Ukraine restricted civilian flights in its airspace due to “potential hazard”, hours after a conflict zone monitor warned airlines should stop overflights over the risk of an unintended shoot-down or cyber attack.

Convoys of military equipment including nine tanks were seen moving towards Donetsk earlier on Wednesday from the direction of the Russian border, a Reuters witness reported.

Shelling has intensified since Russian President Vladimir Putin this week recognised two separatist regions as independent and ordered the deployment of what he called peacekeepers, a move the West calls the start of an invasion.

The UN Security Council met to discuss the stand-off on Wednesday night, in the 15-member body’s second late night meeting on the crisis this week.

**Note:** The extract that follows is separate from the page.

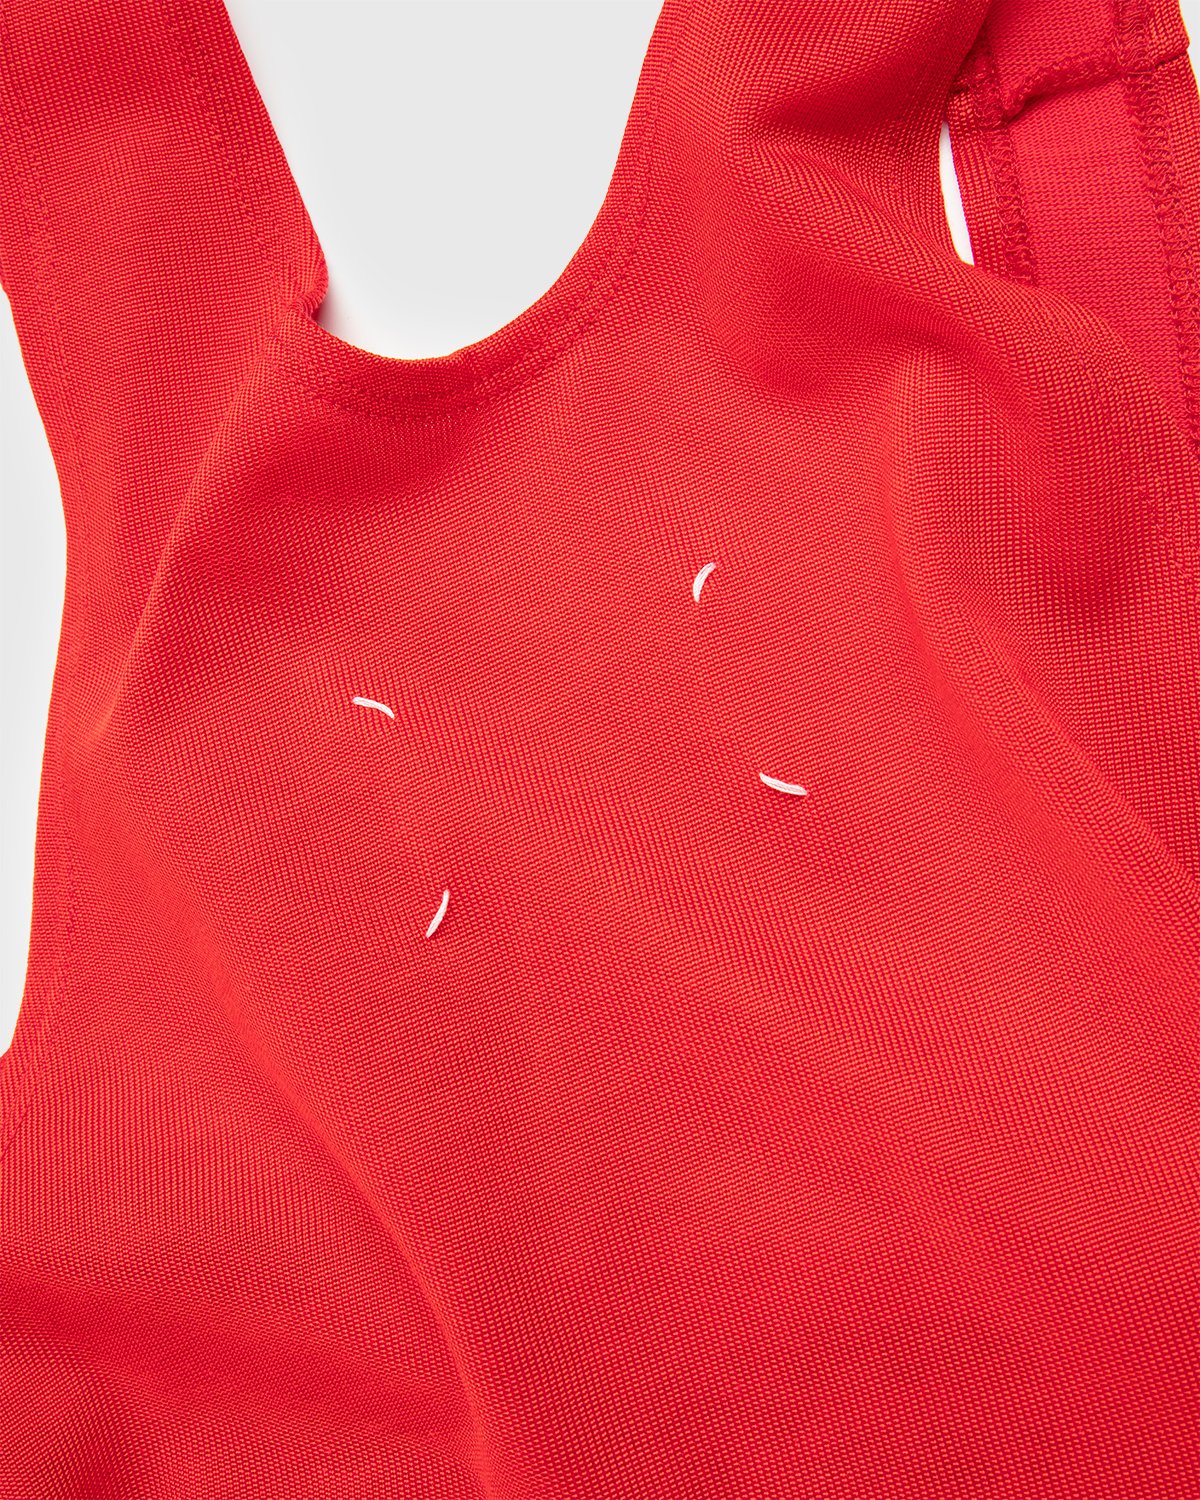 Maison Margiela - Tank Top Red - Clothing - Red - Image 4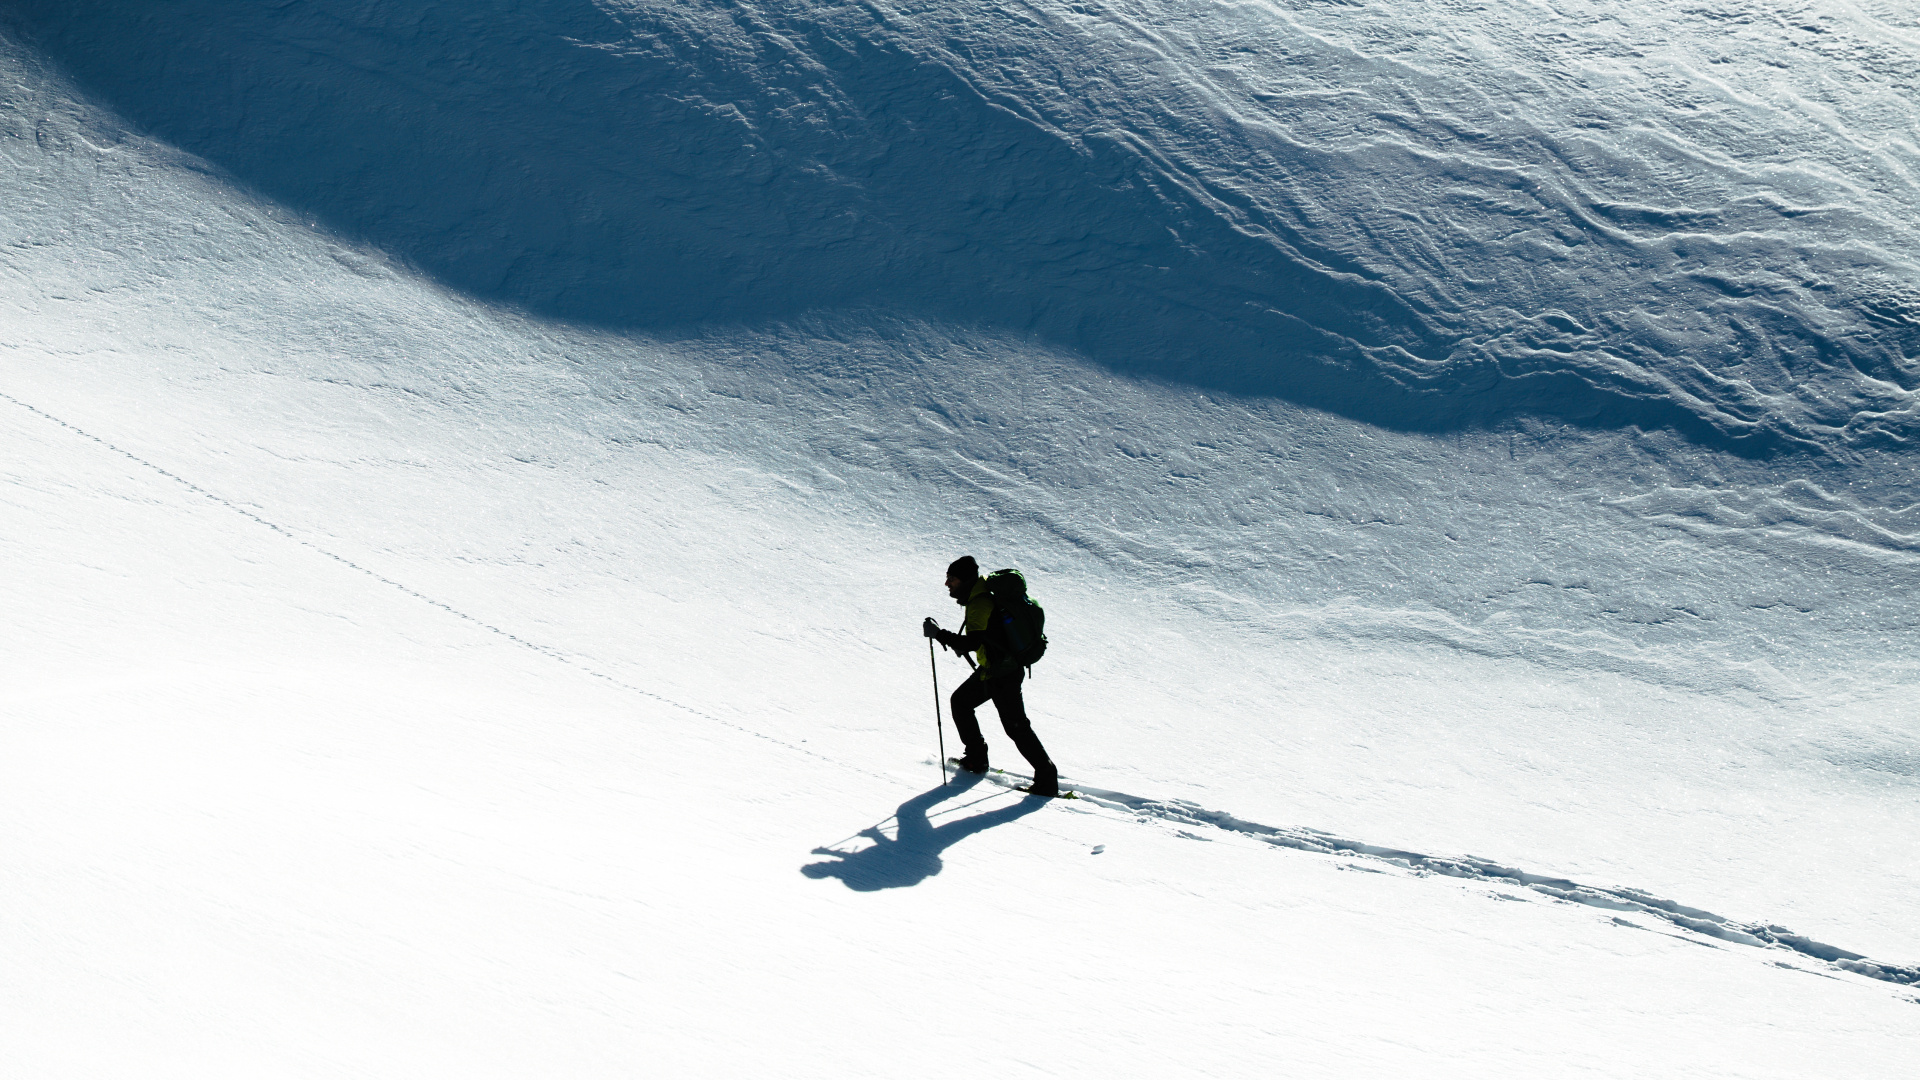 Man in Black Jacket and Pants Riding on Snowboard During Daytime. Wallpaper in 1920x1080 Resolution

Satellite imagery taken on Wednesday showed new deployments in western Russia, many of them within 15km of the border with Ukraine and less than 80km from the Ukrainian city of Kharkiv, a US company Maxar said.

A 30-day state of emergency in Ukraine restricting the freedom of movement of conscripted reservists, curbing the media and imposing personal document checks, according to a draft text, begins on Thursday.

The Ukrainian government has also announced compulsory military service for all men of fighting age.

While both sides have said they are still open to diplomacy to resolve the crisis, Ukrainian President Volodymyr Zelenskiy said earlier Moscow had approved an offensive and not replied to an invitation for talks.

“Today I initiated a telephone conversation with the President of the Russian Federation. The result was silence,” he said.

Ukrainian government websites, which have experienced outages in recent weeks blamed by Kyiv on cyber attacks, were again offline on Wednesday. Ukraine’s parliament, cabinet and foreign ministry websites were affected.

The escalation by Russia has caused a sell off of equities. The ASX was down 3 per cent following the invasion and the Dow Futures index was down sharply, indicating a sell off in the US when the market opens.